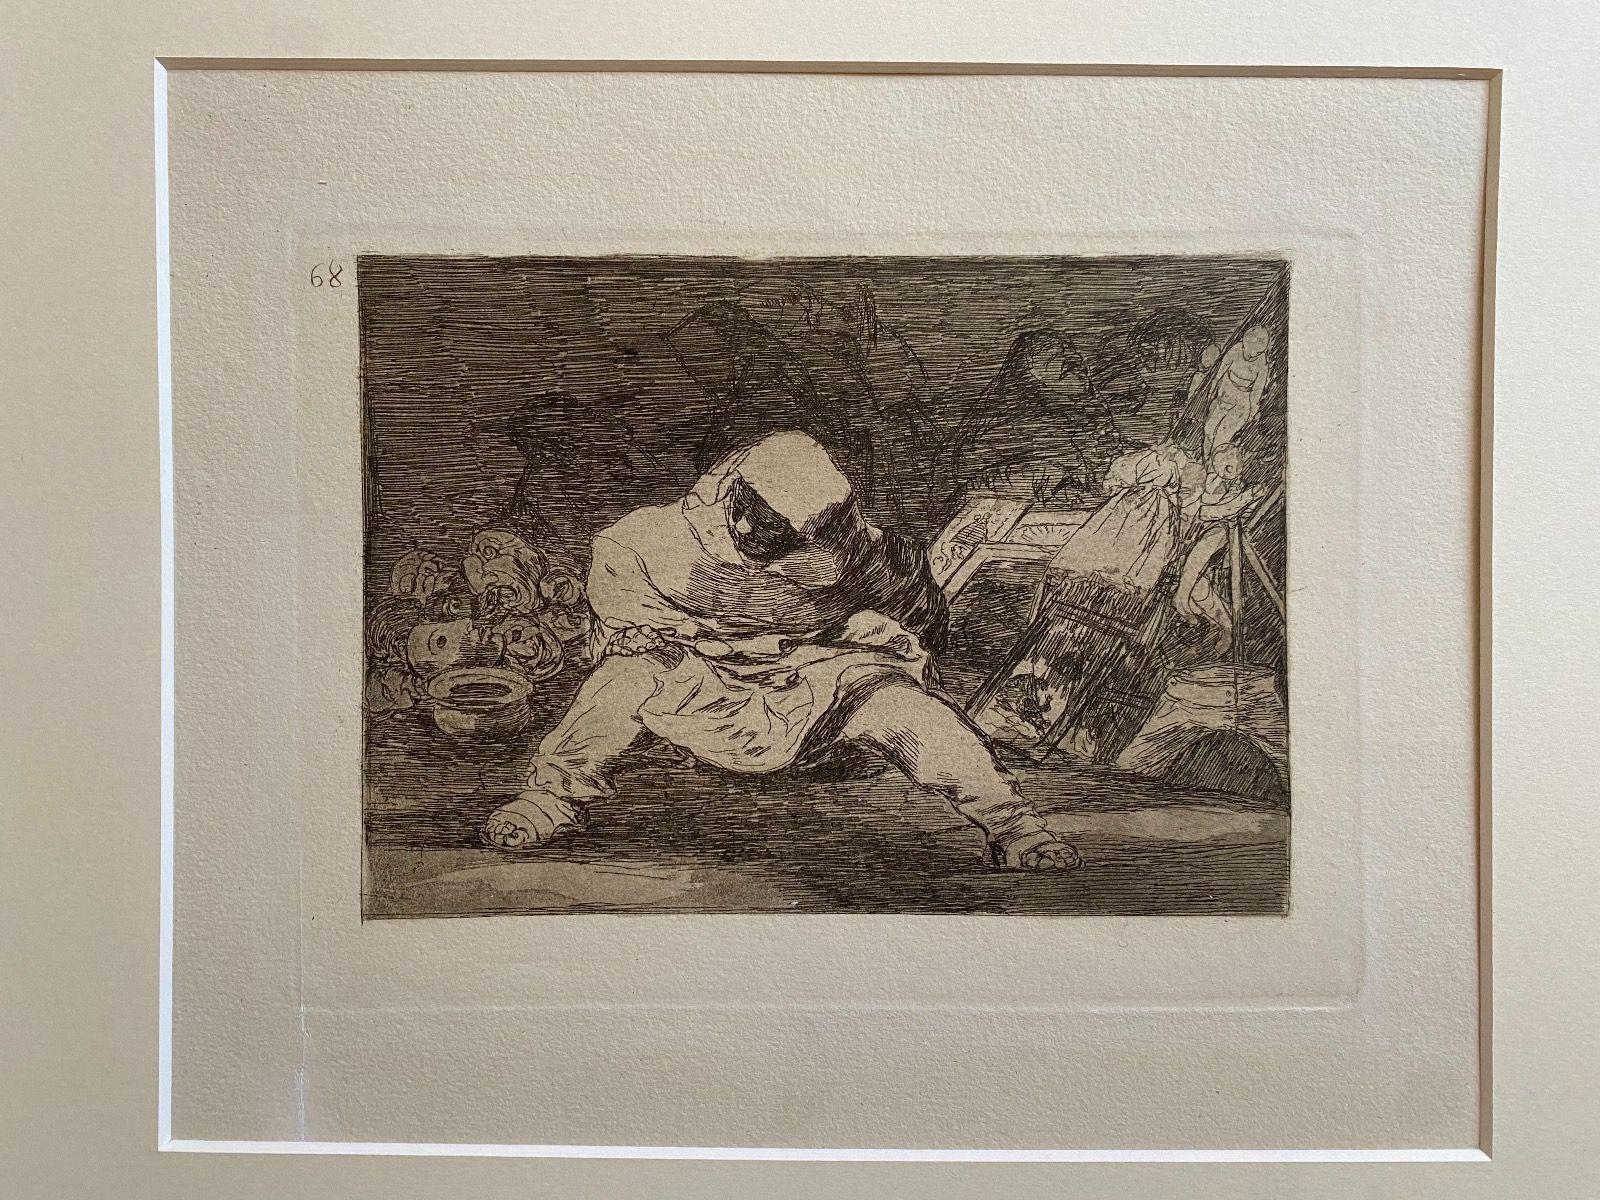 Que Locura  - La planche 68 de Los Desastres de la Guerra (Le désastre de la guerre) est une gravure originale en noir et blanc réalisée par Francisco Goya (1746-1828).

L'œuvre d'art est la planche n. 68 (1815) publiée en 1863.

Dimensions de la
──────────────────────────────
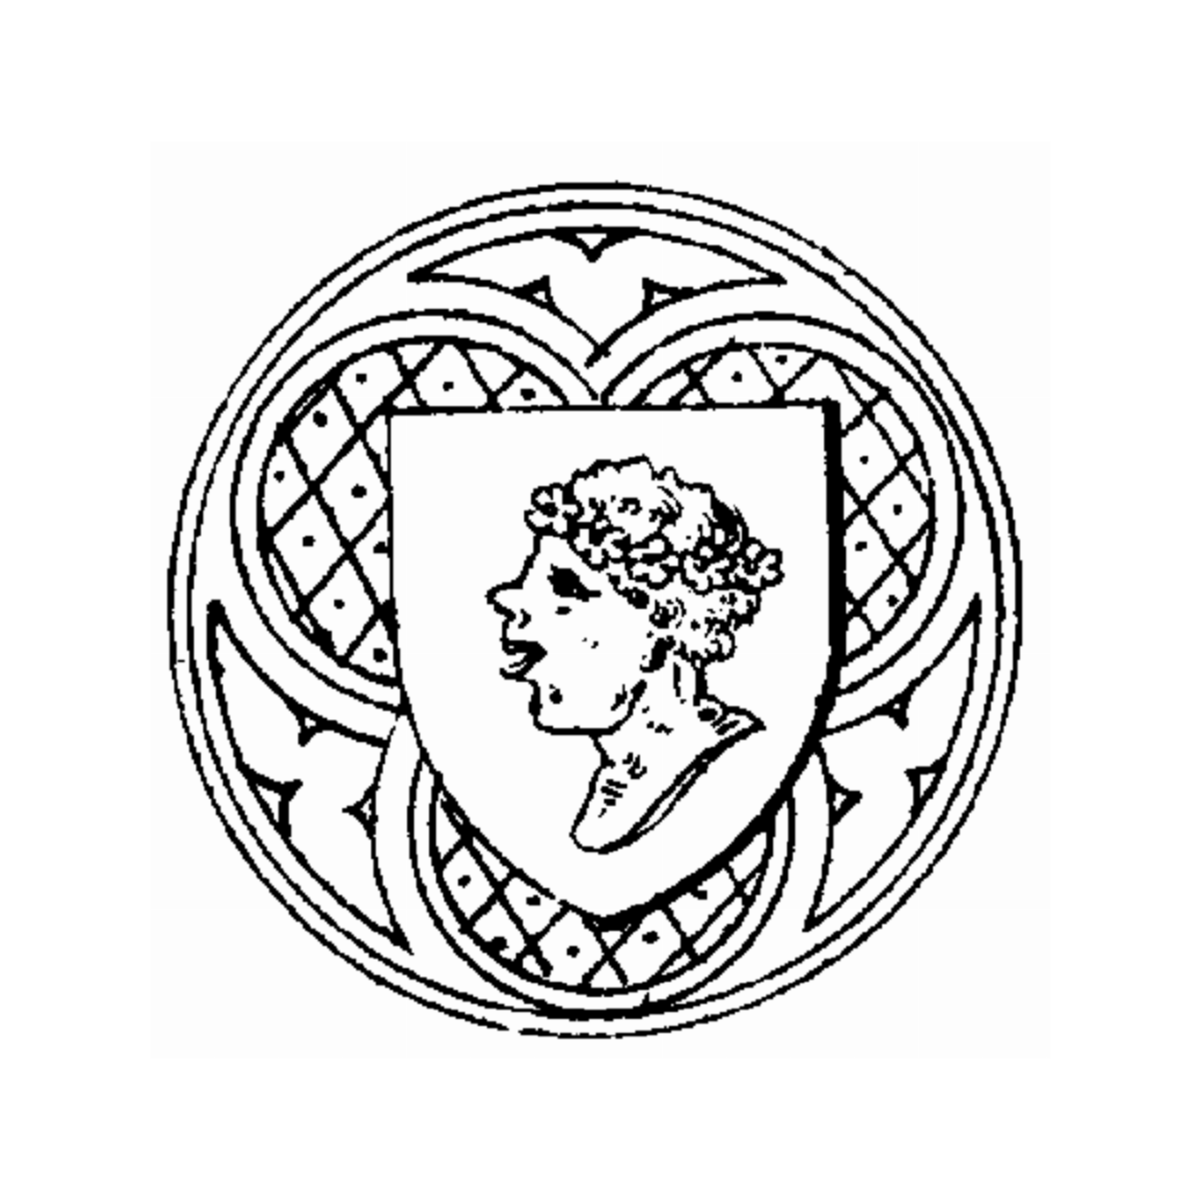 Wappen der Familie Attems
──────────────────────────────
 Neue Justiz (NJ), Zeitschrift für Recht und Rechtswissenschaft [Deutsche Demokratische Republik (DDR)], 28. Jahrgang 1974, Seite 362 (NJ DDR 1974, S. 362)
──────────────────────────────
INSTRUCTIONS FOR THE TASK
In the listing above, find the line with "Francisco Goya (1746-1828)." and the line with "Dimensions de la". Set down exactly those lines and everything between them, skipping pictures.

REPLY
 Que Locura  - La planche 68 de Los Desastres de la Guerra (Le désastre de la guerre) est une gravure originale en noir et blanc réalisée par Francisco Goya (1746-1828).

L'œuvre d'art est la planche n. 68 (1815) publiée en 1863.

Dimensions de la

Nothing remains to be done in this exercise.